• **Information shown**:

-- Opening Marker --

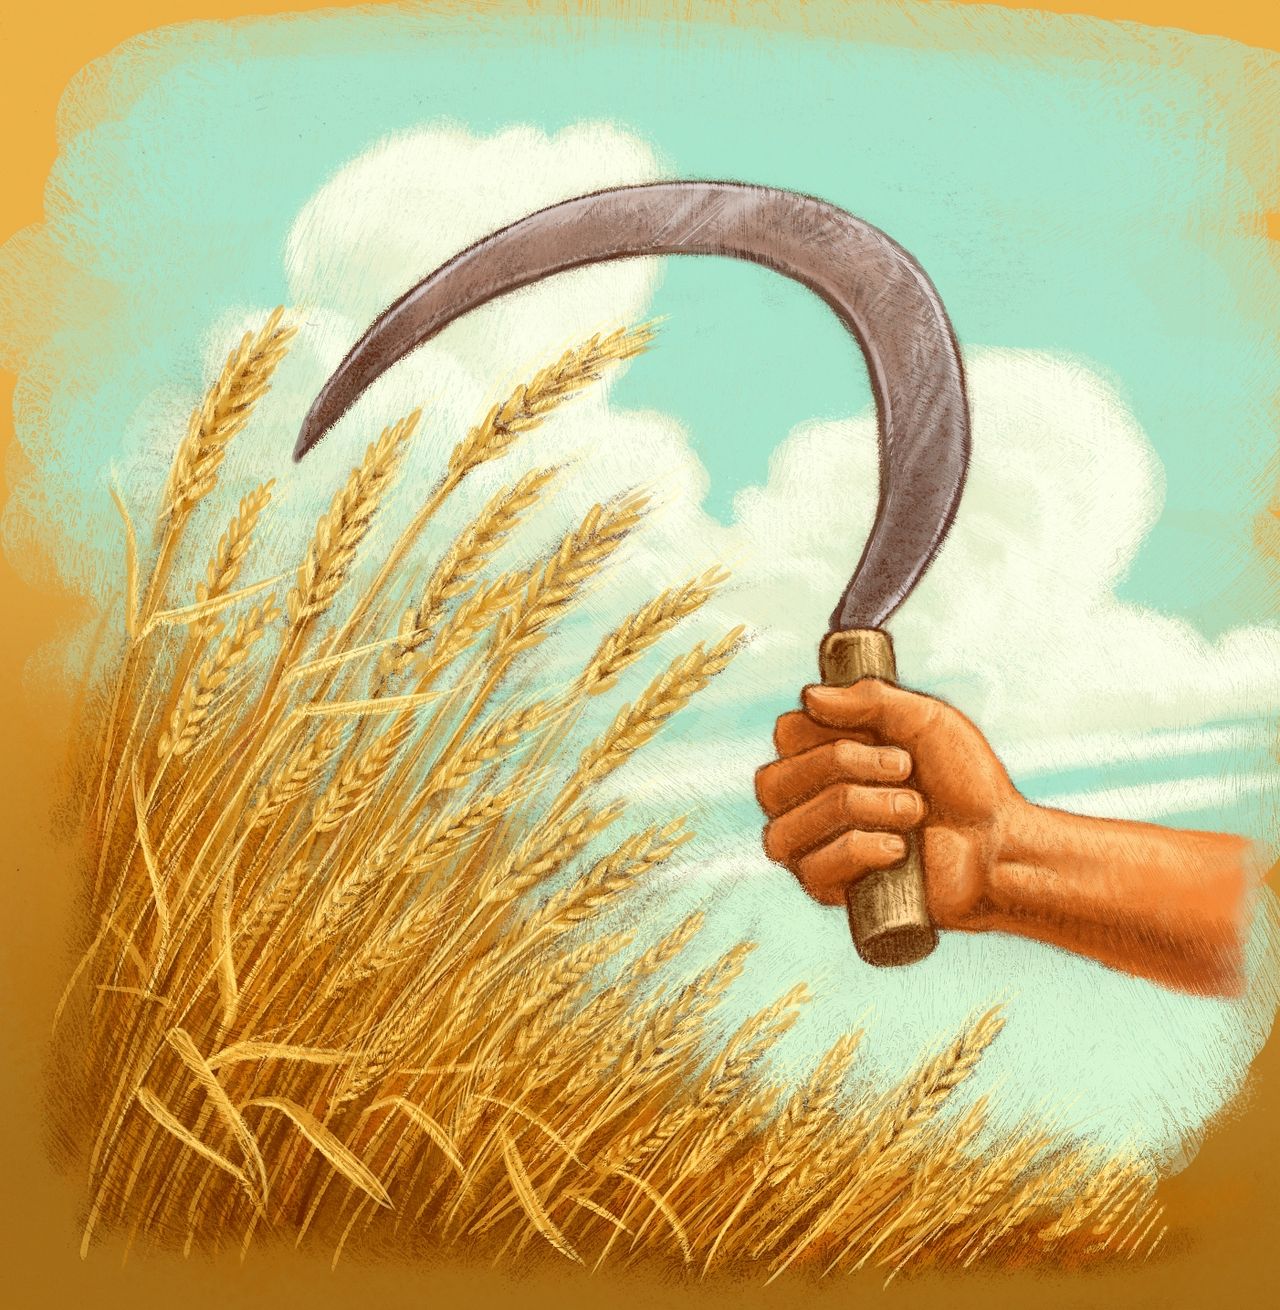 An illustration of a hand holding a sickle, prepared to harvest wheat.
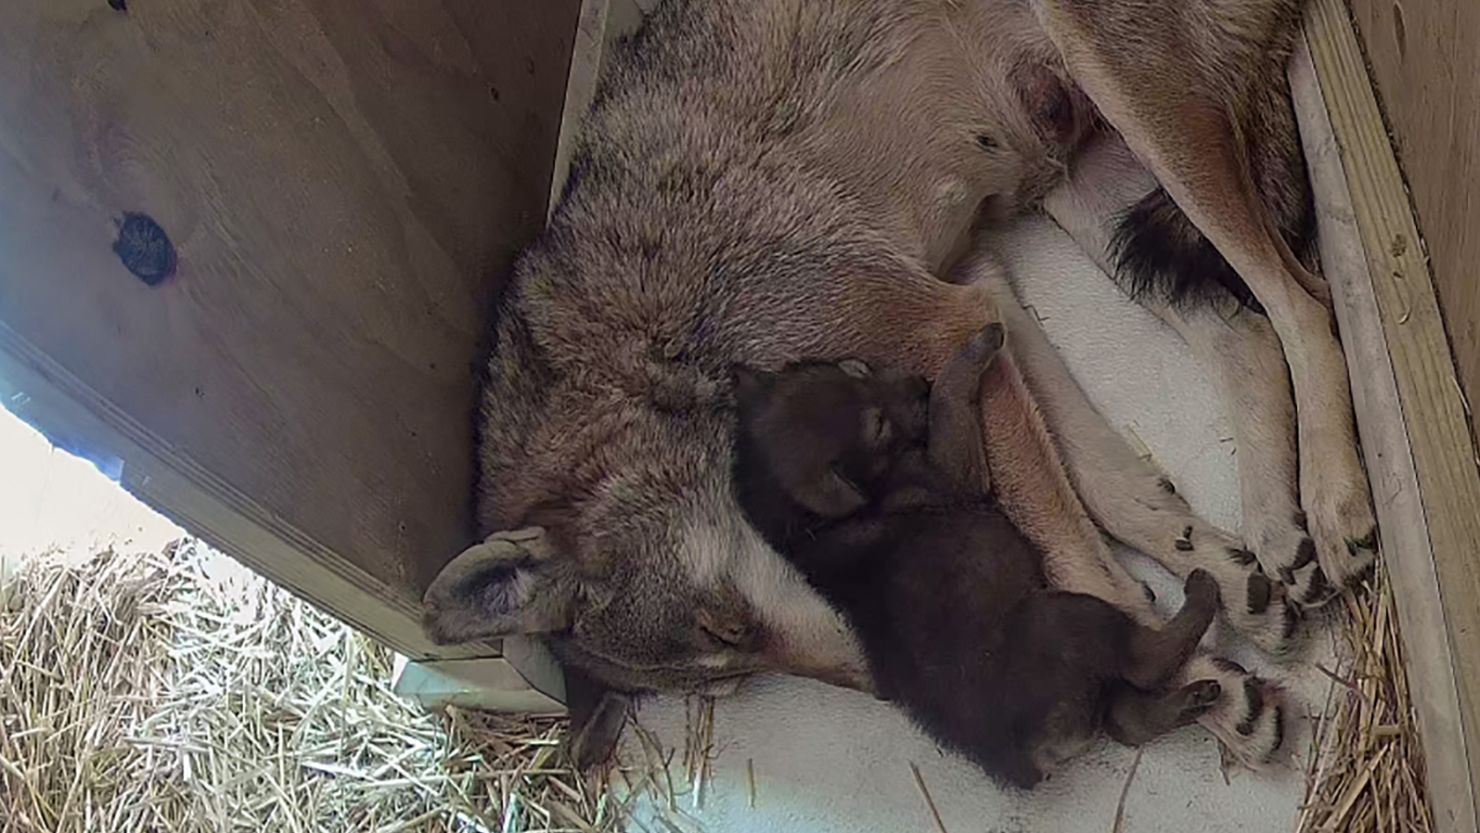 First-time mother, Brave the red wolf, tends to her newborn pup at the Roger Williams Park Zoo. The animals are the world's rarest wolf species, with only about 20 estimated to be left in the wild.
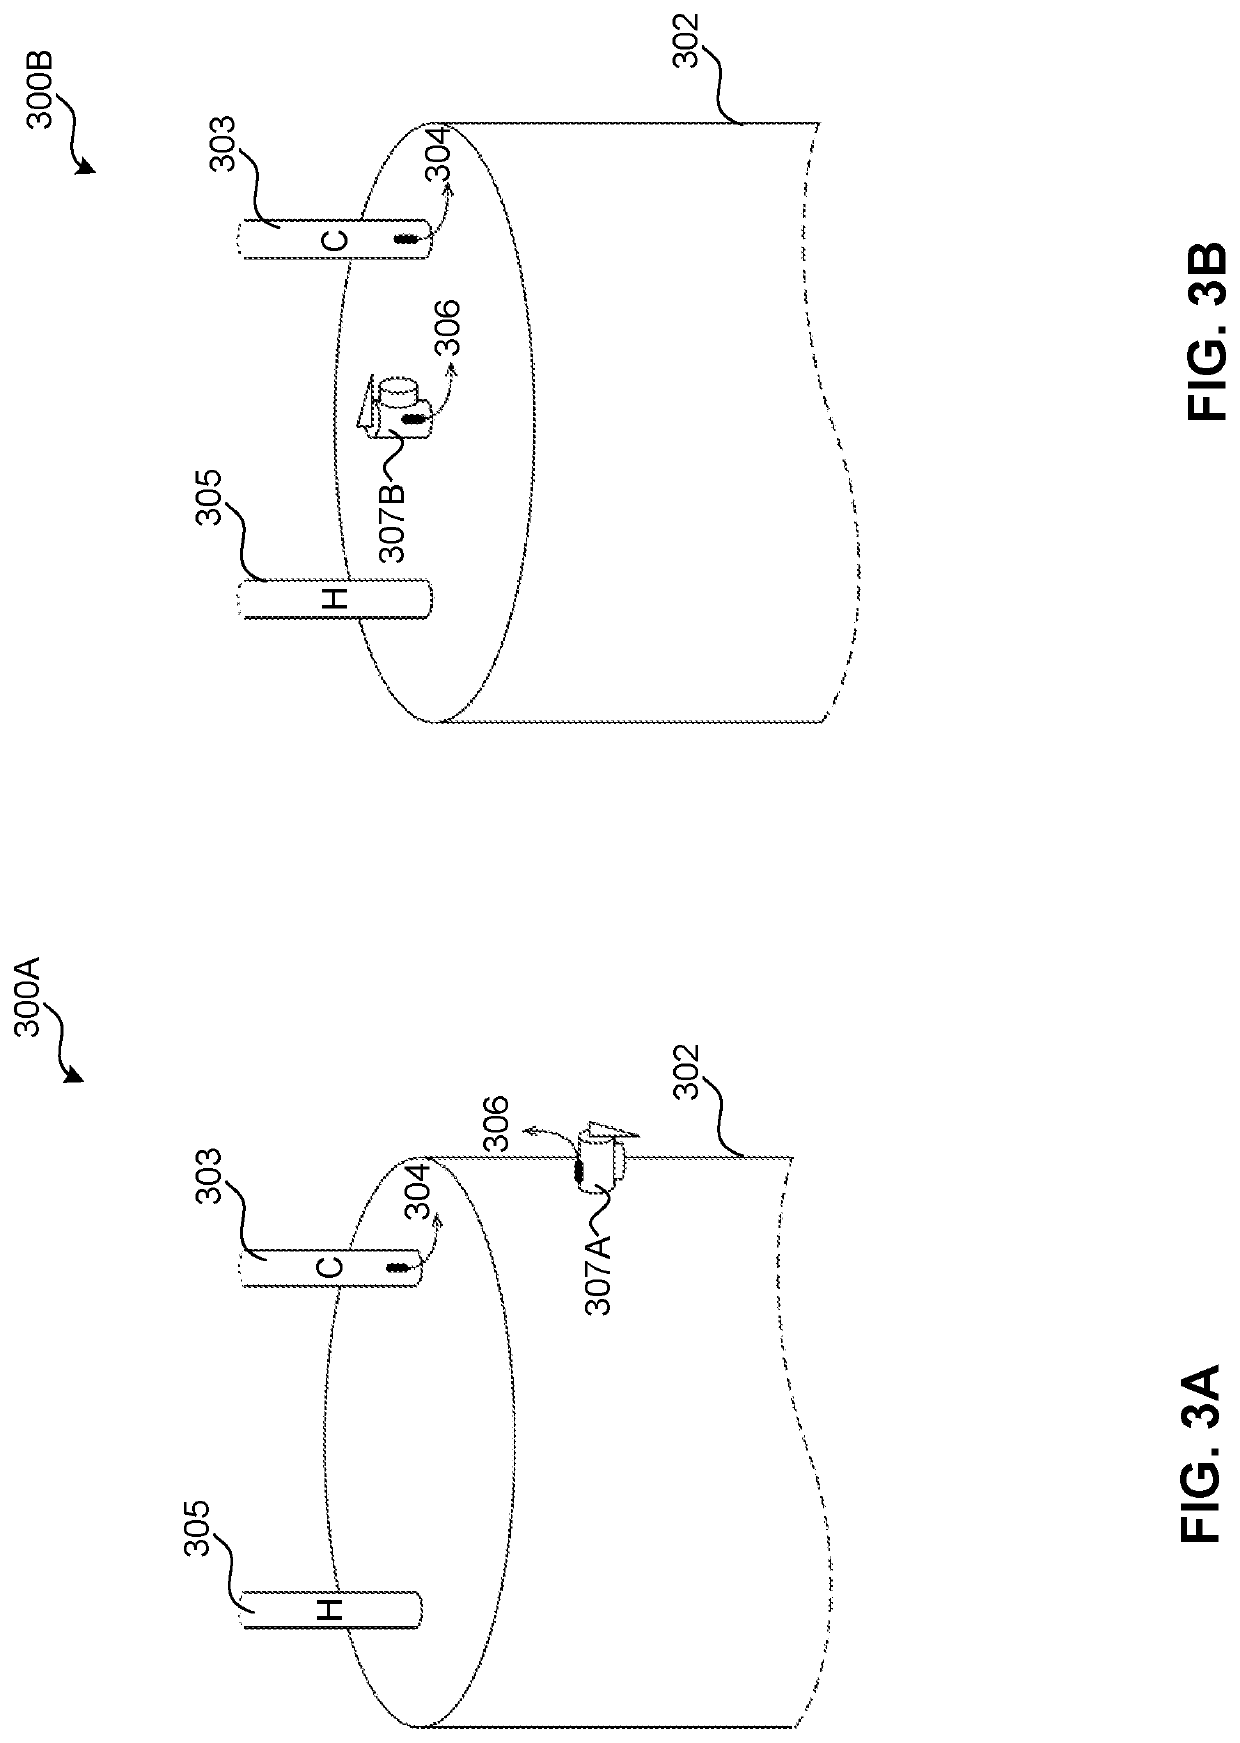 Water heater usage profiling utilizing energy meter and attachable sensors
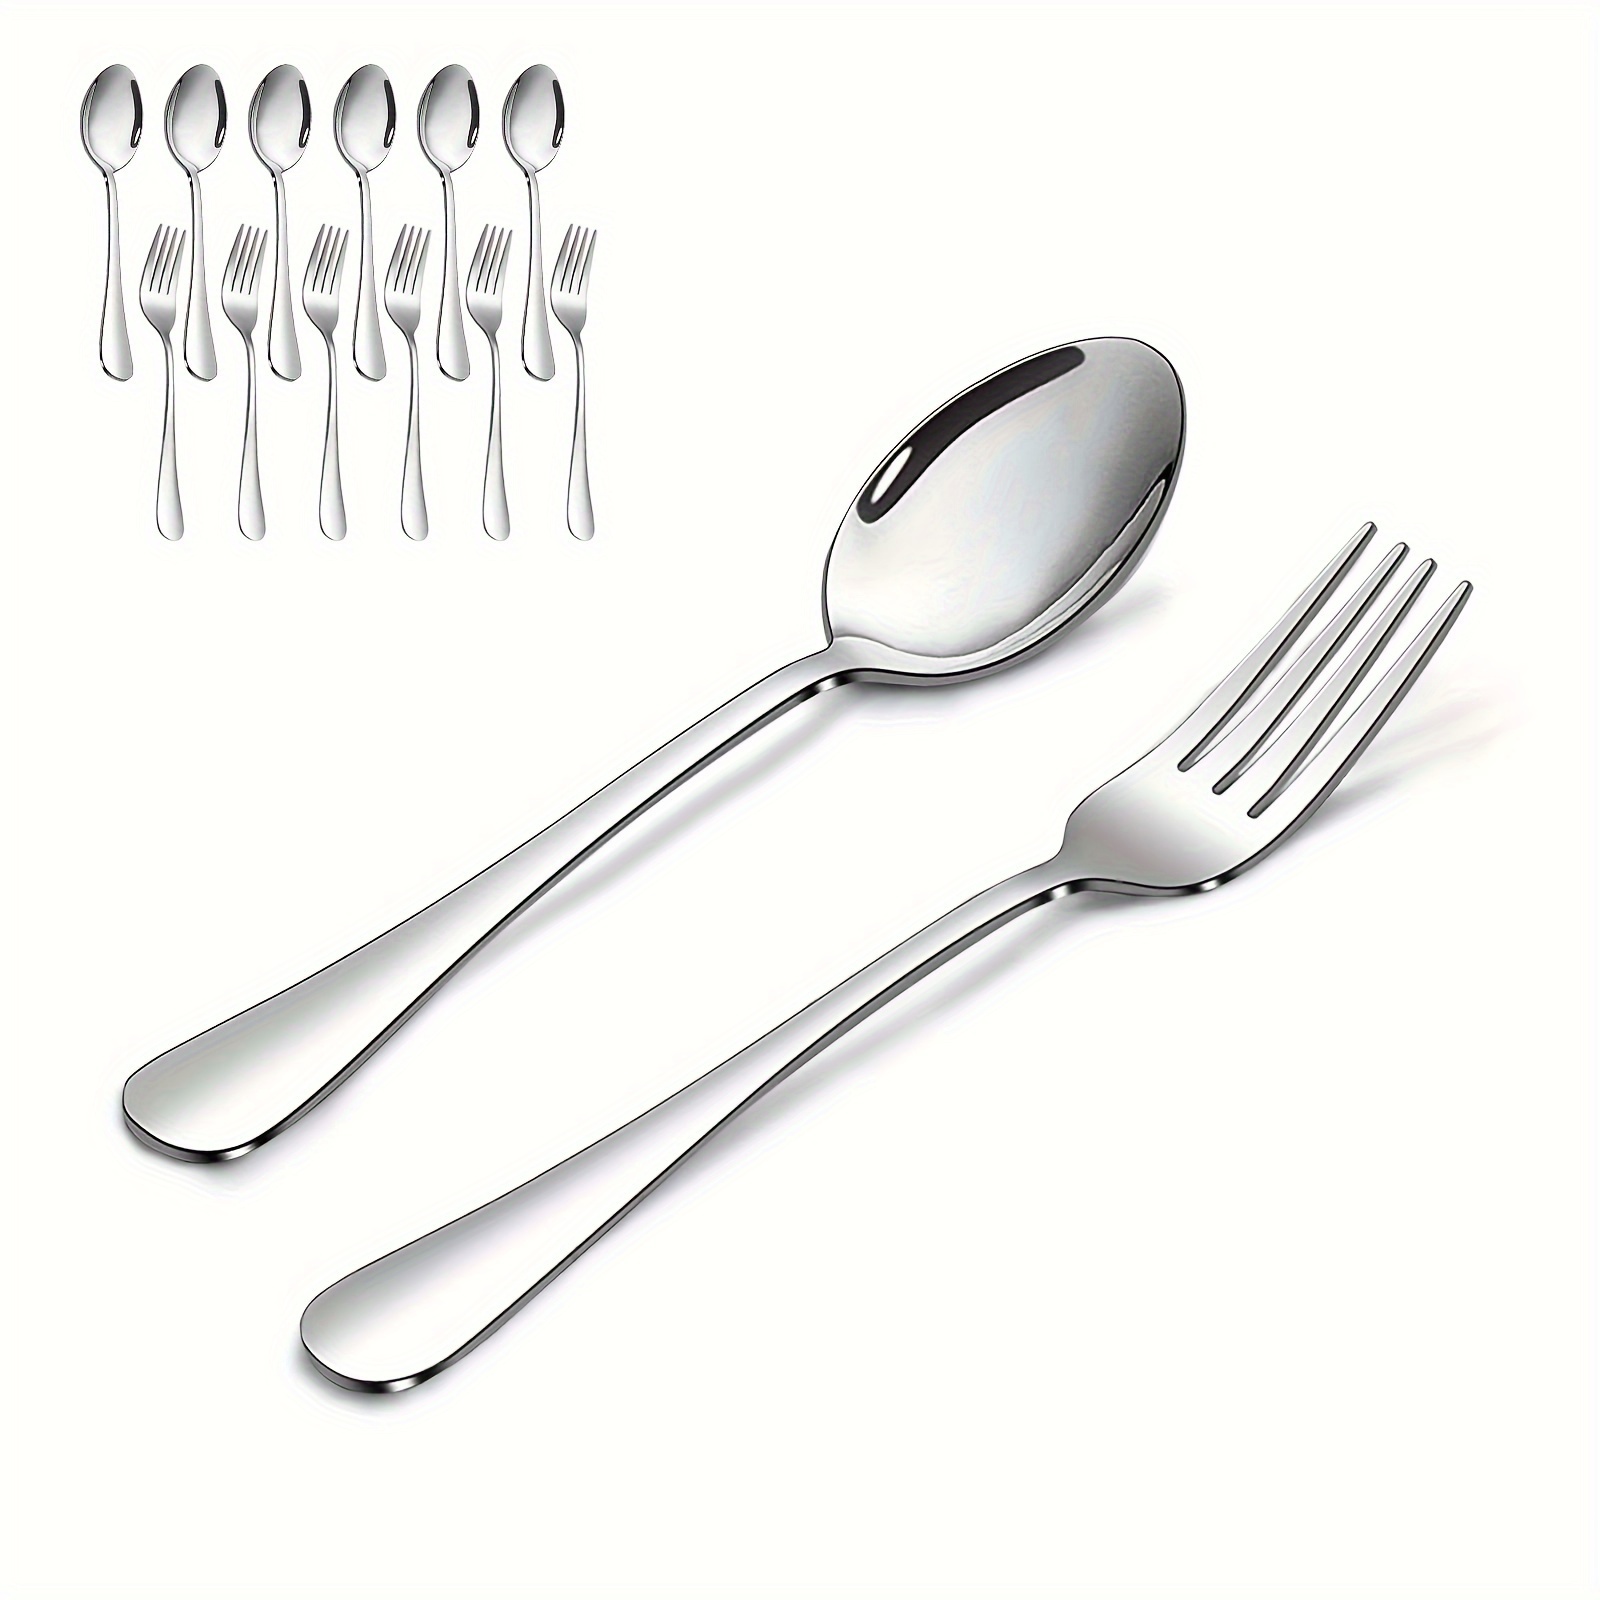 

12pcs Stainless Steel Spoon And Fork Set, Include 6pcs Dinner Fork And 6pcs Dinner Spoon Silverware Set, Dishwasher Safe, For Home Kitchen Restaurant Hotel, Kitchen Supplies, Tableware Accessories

-- Closing Marker --

• **Problem details**: Restate, line by line and word for word, everything from the top of the material through the line that contains "Water heater usage". Leave pictures out.

• **Written solution**:
 An illustration of a hand holding a sickle, prepared to harvest wheat.
 First-time mother, Brave the red wolf, tends to her newborn pup at the Roger Williams Park Zoo. The animals are the world's rarest wolf species, with only about 20 estimated to be left in the wild.
 Water heater usage profiling utilizing energy meter and attachable sensors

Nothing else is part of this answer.